After 14 years of industry development, it has gradually shifted from initial speculation to practical applications. Blockchain data analysis can be conducted from three levels: on-chain macro, project protocols, and address analysis. On-chain macro can compare metrics across different chains. Project protocols require a deep understanding of business logic. Address analysis can involve multi-dimensional tagging. Future directions worth paying attention to include Bitcoin Layer 2 scaling solutions, Ethereum staking data, and account abstraction multi-signature addresses. Overall, there is enormous potential for growth in the blockchain data market.

Introduction

If we consider the formal deployment of Bitcoin as the birth year of the industry, the blockchain industry has evolved over 14 years from mere speculation and trading to a technology concept with practical application scenarios. Especially after the concept of Decentralized Finance (DeFi) was recognized and accepted by users, value has returned to the chain, and on-chain data has gradually become the focus of attention for investors and developers.

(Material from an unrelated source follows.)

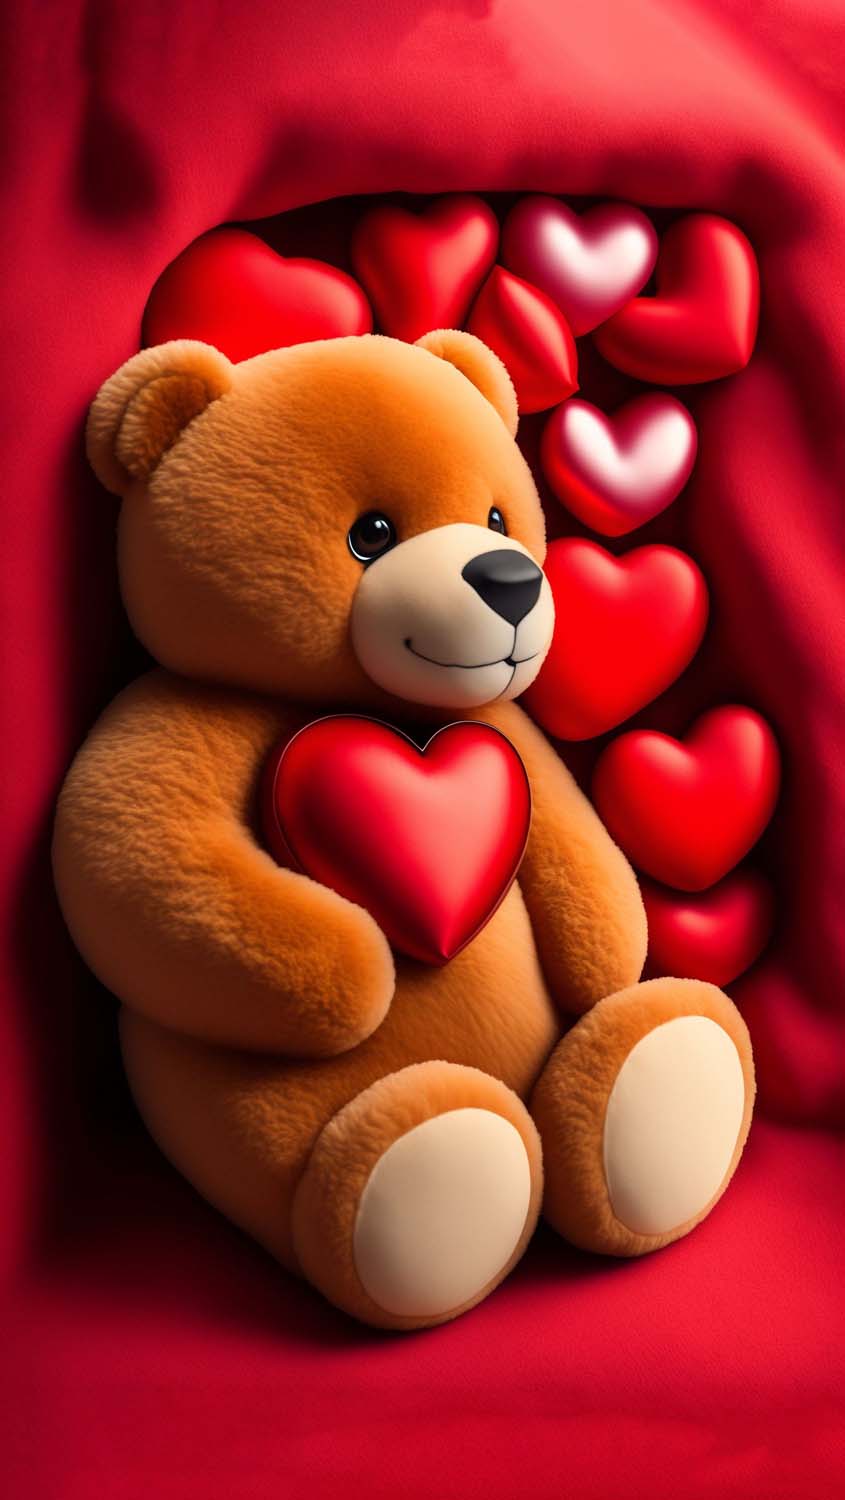 Teddy Heart IPhone Wallpaper HD Wallpaper, iPhone Wallpaper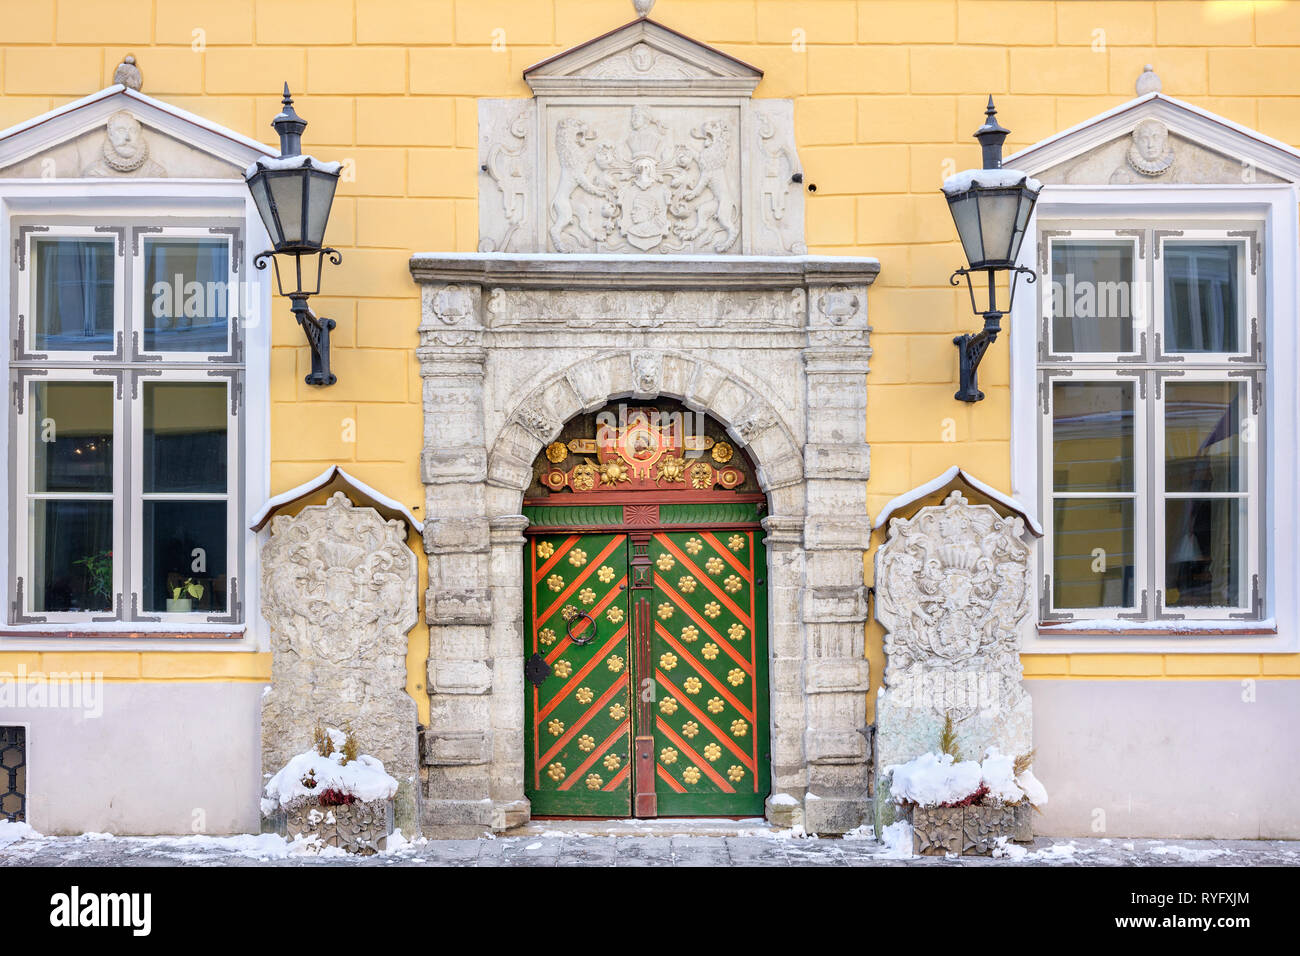 Eingang Blackheads brotherhood Haus in der Altstadt von Tallinn. Estland, EU Stockfoto

Front page article title from The Times, January 3, 2009 - Chancellor on the brink of second bailout for banks

Although the scale of blockchain data is still relatively limited compared to the massive data volumes in the current internet, and the raw data appears relatively simple, the actual analysis and interpretation process often requires analysts and developers to spend a significant amount of time parsing and utilizing the data due to the relatively free input and the presence of a large amount of difficult-to-understand bytecode. Based on work experience, I believe blockchain data can be categorized from a business perspective for better understanding:

On-chain macro
Project protocols
Address analysis

The blockchain network can be divided into three levels from macro to micro, with the network layer consisting of multiple protocols, each of which is composed of activities from multiple addresses. Currently, most blockchain data analysis products targeting consumers focus on specific scenarios within these three levels. Next, I will elaborate on the business logic and application forms corresponding to each level.

On-chain Macro

From the network level, it can be further subdivided into:

Bitcoin (UTXO model)
Ethereum and Ethereum Virtual Machine (EVM)
Other non-EVM public chains (e.g., Solana developed in Rust, modular public chain Cosmos ecosystem, Move language system inherited from Libra, etc.).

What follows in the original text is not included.